Selain sektor pangan, Kelurahan Melayu turut mengedepankan program lingkungan melalui bank sampah. Tahun ini, fasilitas bank sampah telah memiliki gedung permanen yang segera diresmikan Dinas Lingkungan Hidup dan Kehutanan (DLHK) Kukar. Program ini tidak hanya mendorong kesadaran masyarakat terhadap pentingnya pengelolaan sampah, tetapi juga membuka peluang ekonomi sirkular di tingkat lokal.

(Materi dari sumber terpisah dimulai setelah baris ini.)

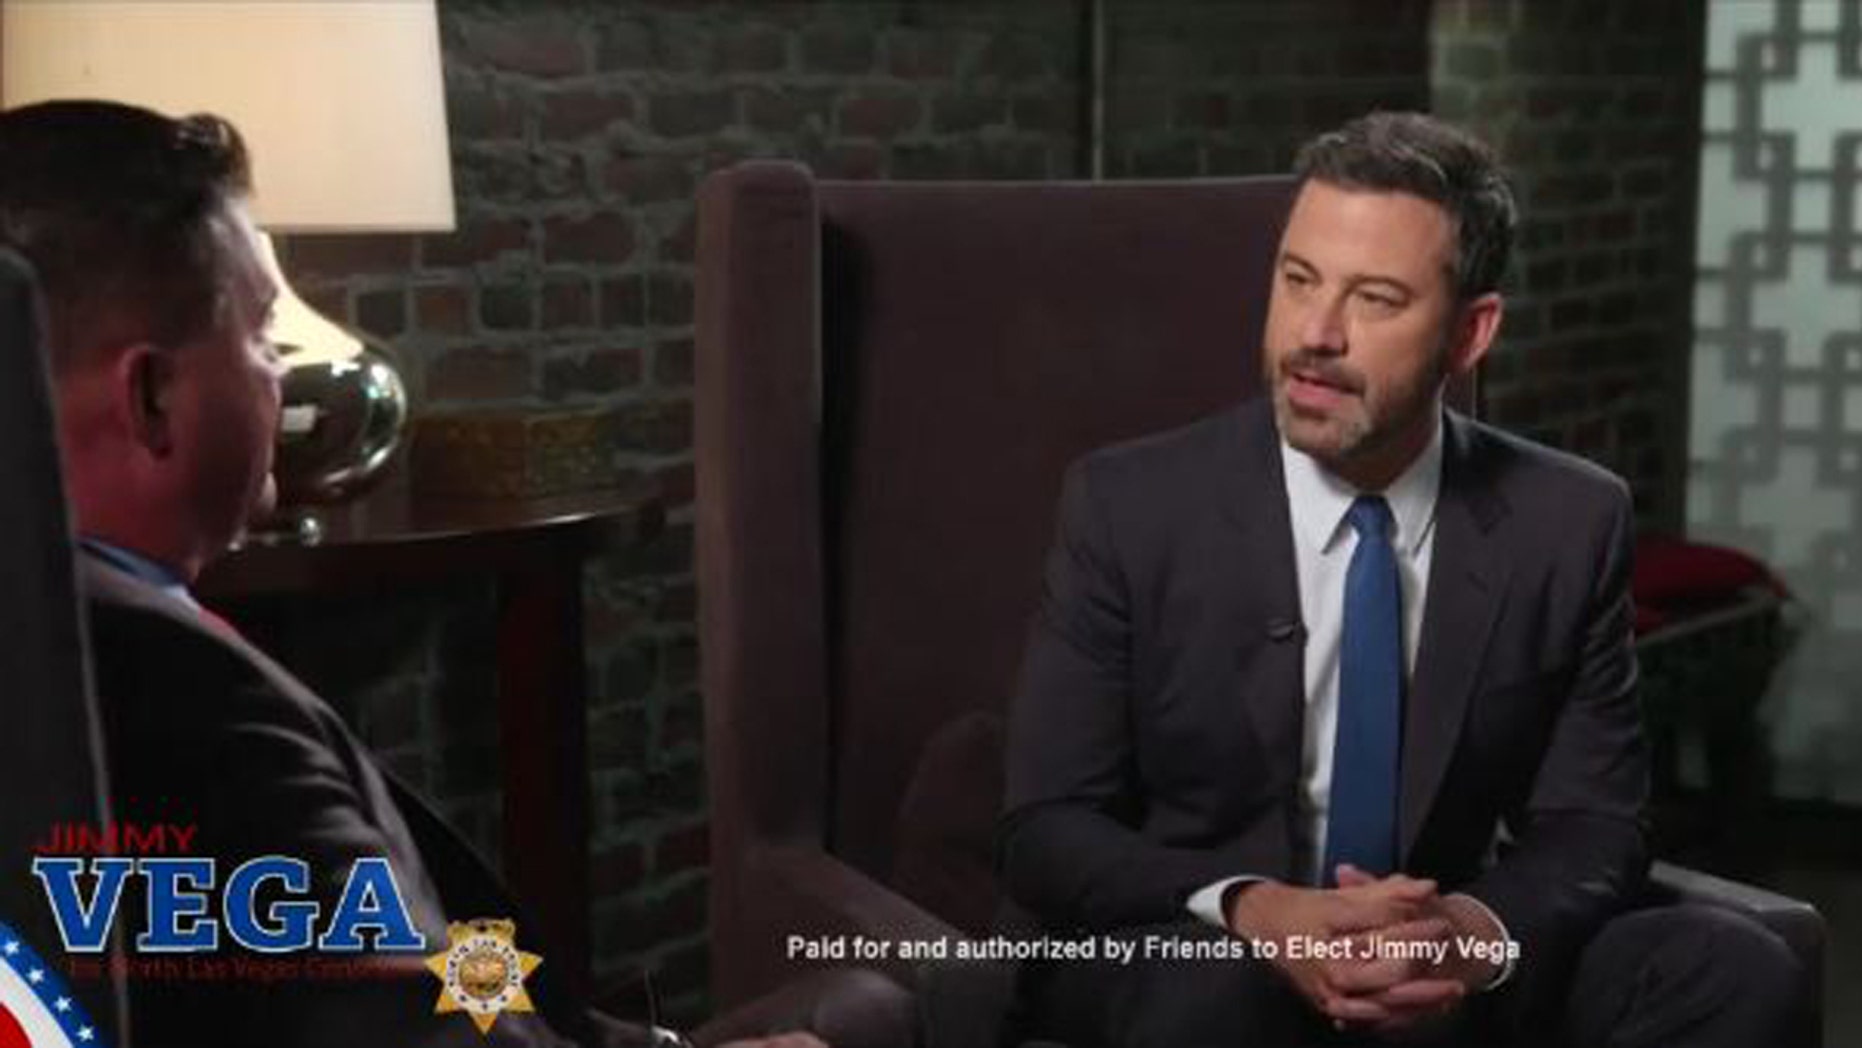 Jimmy Kimmel appears in a campaign video to support his longtime friend Jimmy Vega for North Las Vegas constable. 
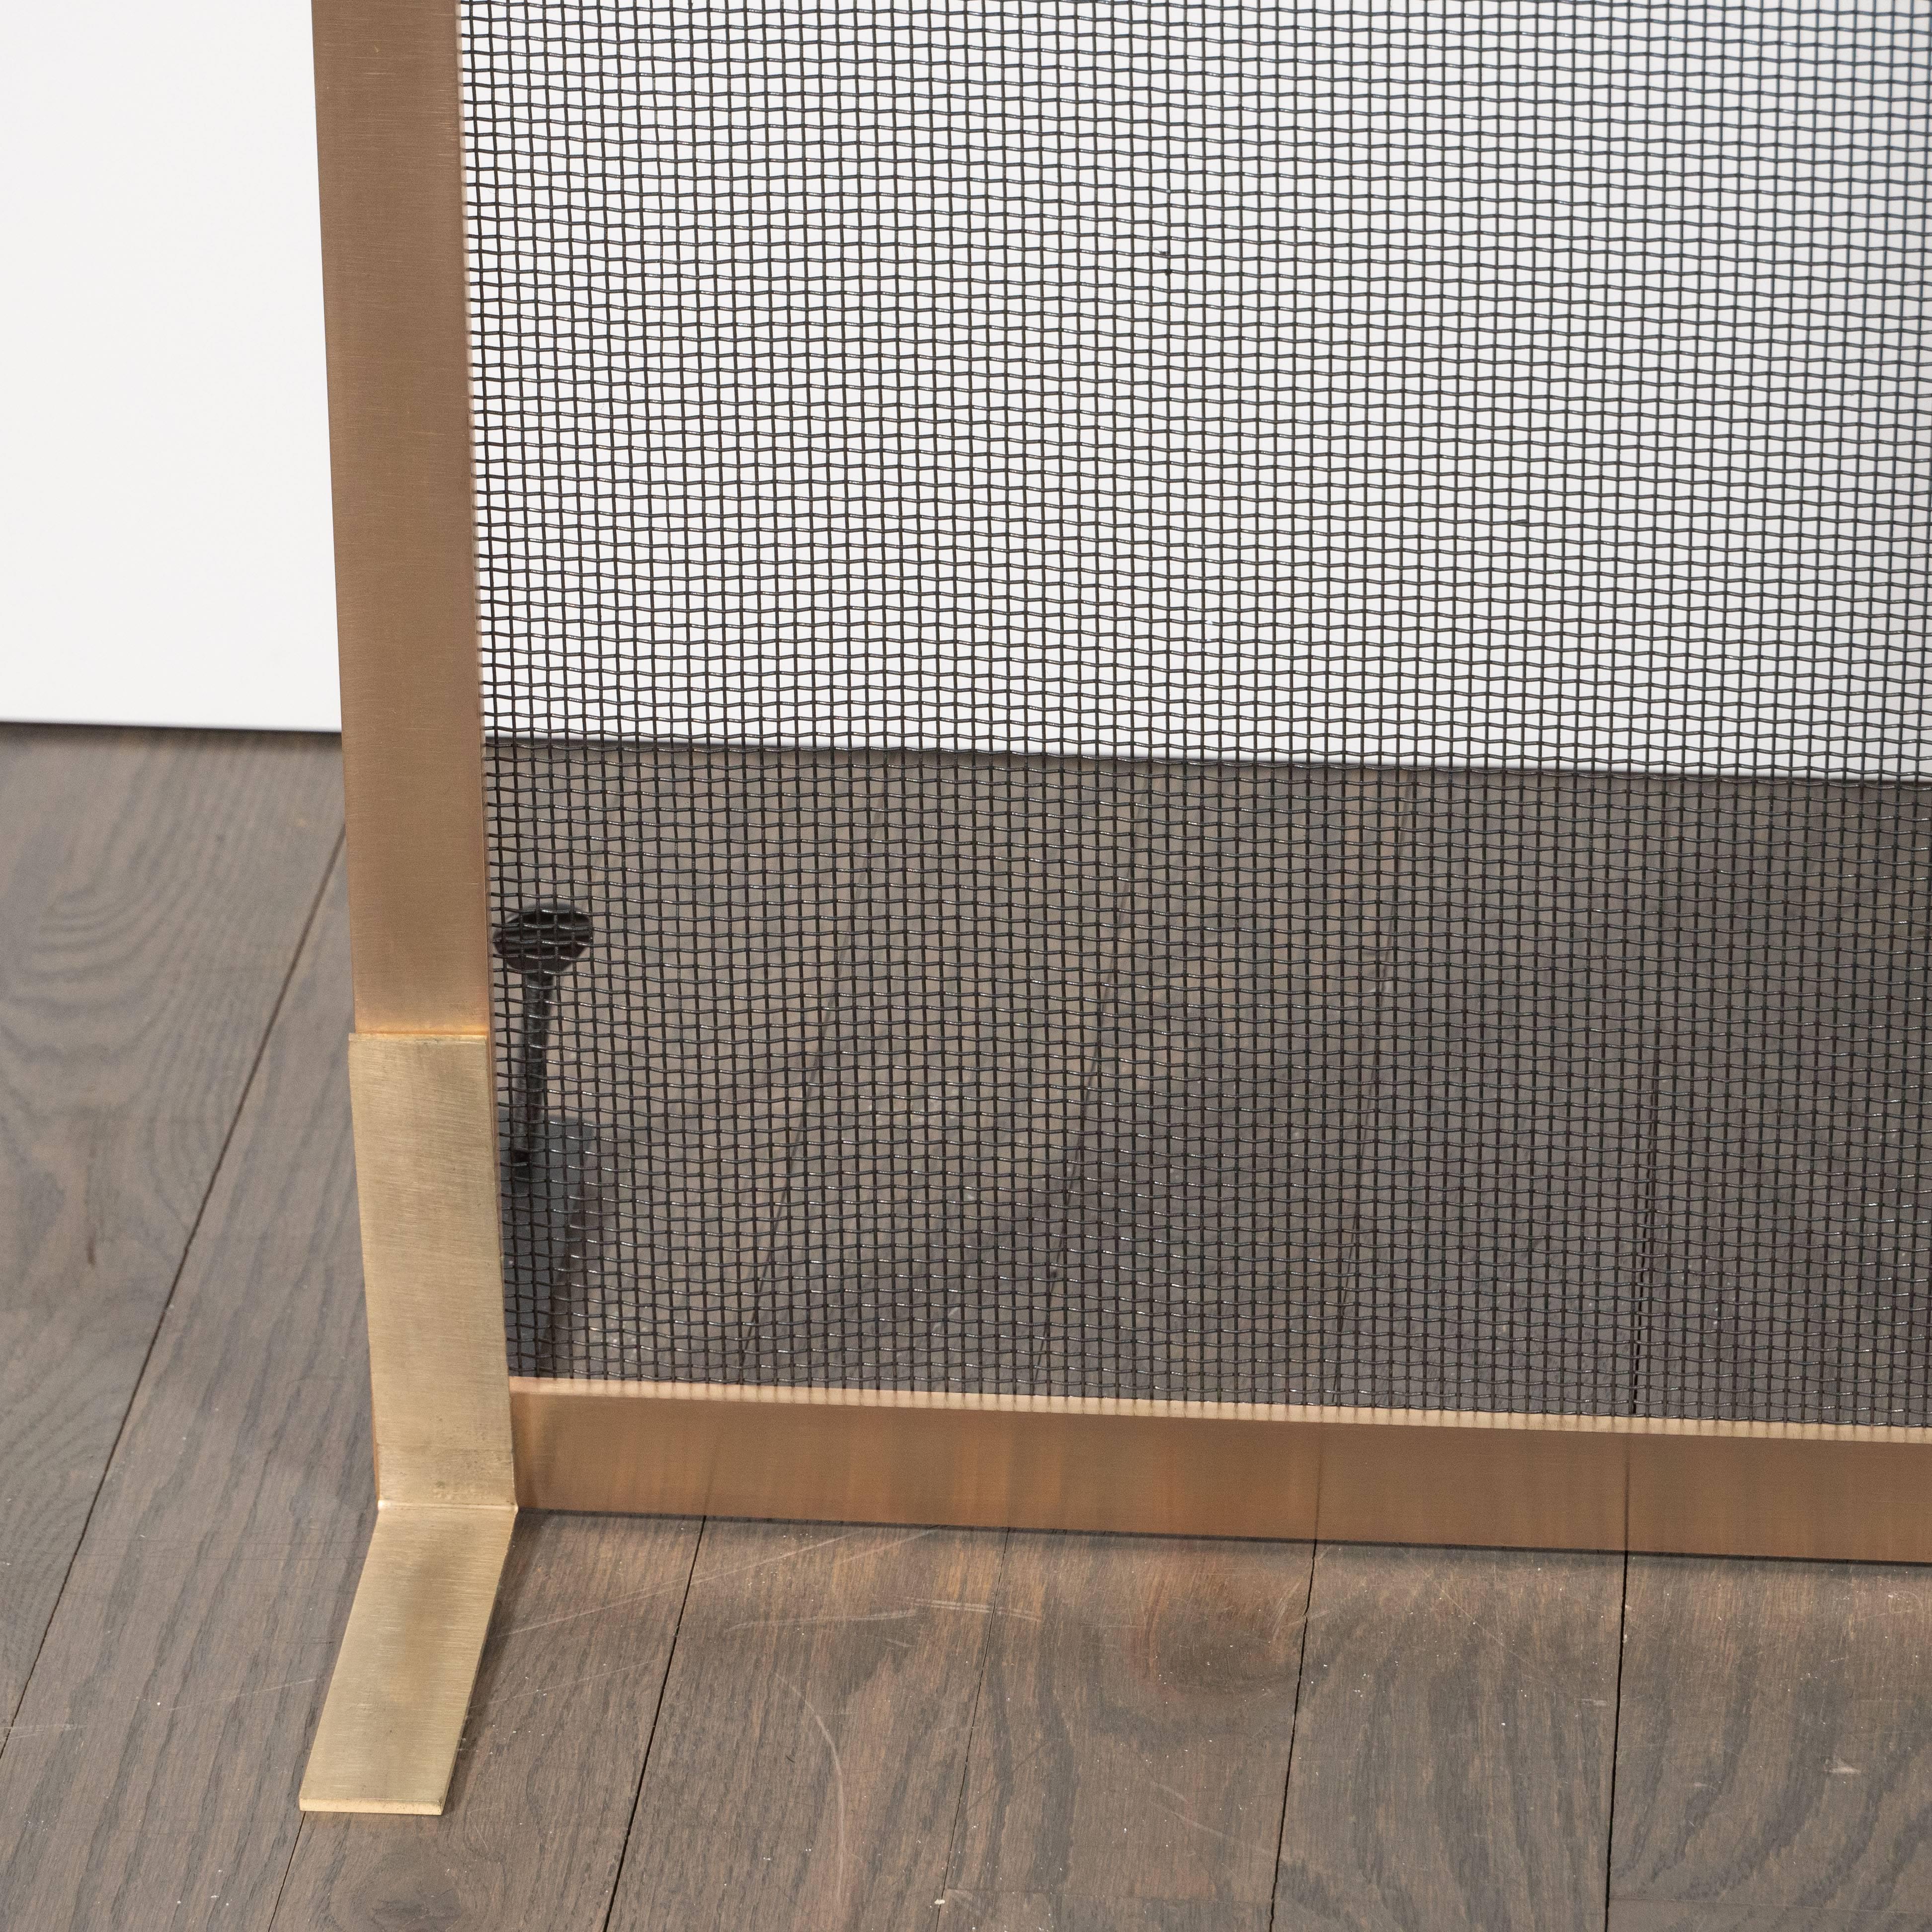 This stunning modernist fire screen was custom made by artisans in New York State. It features an austere square body in brushed brass, with rectangular feet in the same material and a black iron mesh grill executed in a rectilinear weave. With its

“Kami berharap melalui bank sampah, kesadaran lingkungan warga semakin meningkat sekaligus memberikan tambahan manfaat ekonomi,” jelas Aditya.
Ia menambahkan, seluruh program tersebut diharapkan mampu membawa Kelurahan Melayu melangkah ke tahap selanjutnya. “Kami siap dengan segala hasil, namun tentu saja berharap bisa mewakili Kukar di tingkat provinsi,” katanya penuh optimisme.
Sementara itu, Kepala Dinas Pemberdayaan Masyarakat dan Desa (DPMD) Kukar, Arianto, menegaskan bahwa proses penilaian lomba dilakukan dengan standar Kementerian Dalam Negeri. Aspek yang dinilai mencakup tata kelola pemerintahan, kelembagaan lokal, inovasi, partisipasi masyarakat, potensi Pendapatan Asli Desa (PAD), hingga kontribusi program CSR.
“Tema tahun ini menekankan ketahanan pangan, sehingga itu menjadi indikator utama. Namun, aspek lain tetap kami perhatikan secara menyeluruh,” pungkasnya.
Dengan potensi jamur tiram, budidaya ikan, serta inovasi lingkungan yang diusung, Kelurahan Melayu menunjukkan tekad kuat menjadi contoh kelurahan tangguh dan berdaya di Kukar.